When it first met in July, the committee listed Manning Street in Kiama as an area of concern, where older homes were making way for apartment buildings described as ‘‘oblong boxes’’.
Last month Kiama councillors declared they had ‘‘drawn a line in the sand’’ when it came to the design of unit blocks in Kiama.
At the August meeting the council unanimously rejected a proposal for 139 Manning Street, to demolish a house on a 784-square-metre site and replace it with a residential flat building comprising four units over three levels with basement parking.
Council planners had recommended the application be approved, but councillors unanimously rejected the application, with Cr Mark Honey saying he feared for the council’s legacy.
‘‘I fear in five or 10 years’ time we will be remembered as the council that built the shoeboxes up and down Manning Street and destroyed the aesthetics of that area,’’ Cr Honey said.
Chairman of the LEP review committee, Dennis Seage, said the idea of a design-review panel had been put to council staff for further investigation in the wake of changes the NSW government’s SEPP 65 (State Environmental Planning Policy No 65). SEPP 65 now allows councils to appoint design-review panels, which can advise on whether an apartment development meets the design principles and, if not, make recommendations on ways to comply.

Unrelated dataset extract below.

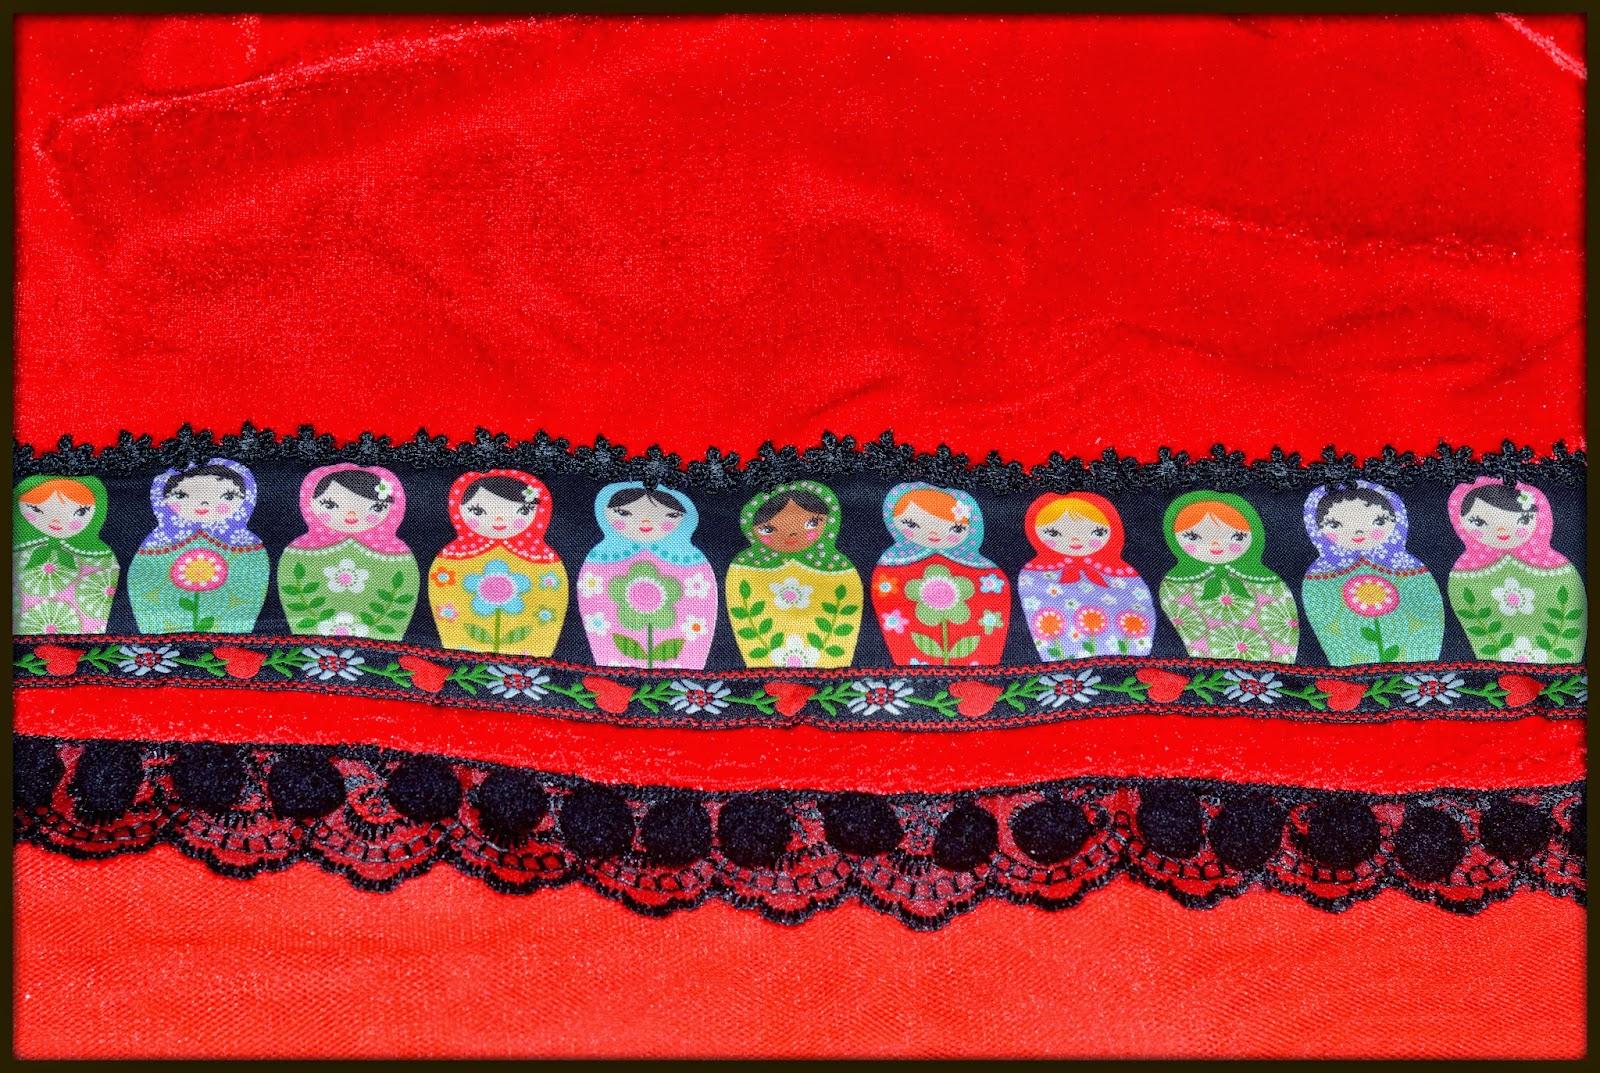 lace tape, matryoshka doll, pom poms tape, red velvet, ribbons applique, lace hem,
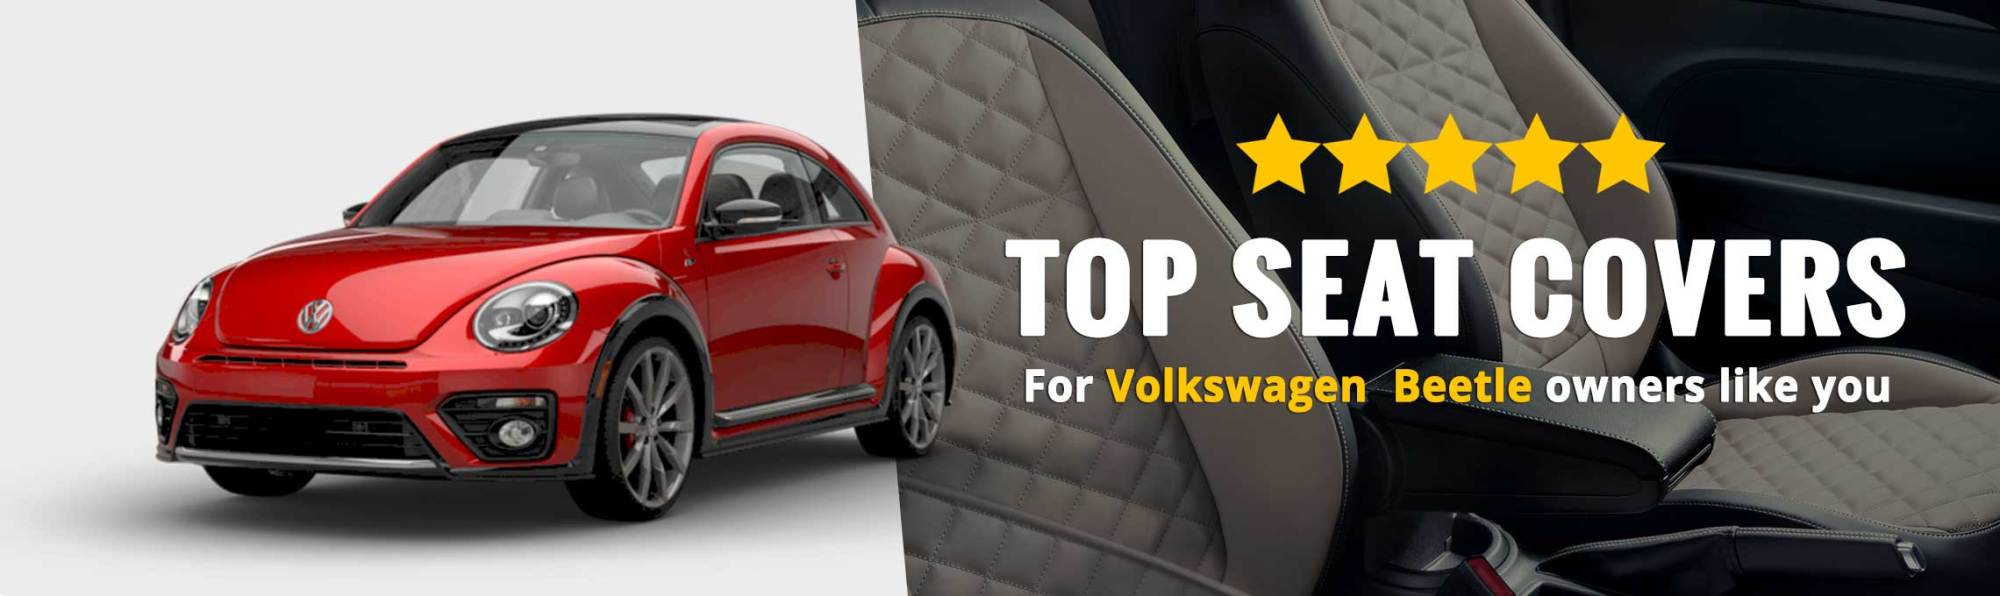 hight resolution of volkswagen beetle seat covers

‘‘Previously we couldn’t knock back a development that looked ugly,’’ Cr Seage said. ‘‘Now we can.’’
The LEP committee has delivered a list of 12 ‘‘possible areas of interest’’ for further investigation by Kiama Council staff, which will be reported to the full council at a later date.
The list includes reviewing and updating the town-centre plans for Kiama, Gerringong and Jamberoo; looking into the concept of using metres or storeys for height limits; and how the the LEP can encourage viable agricultural enterprise.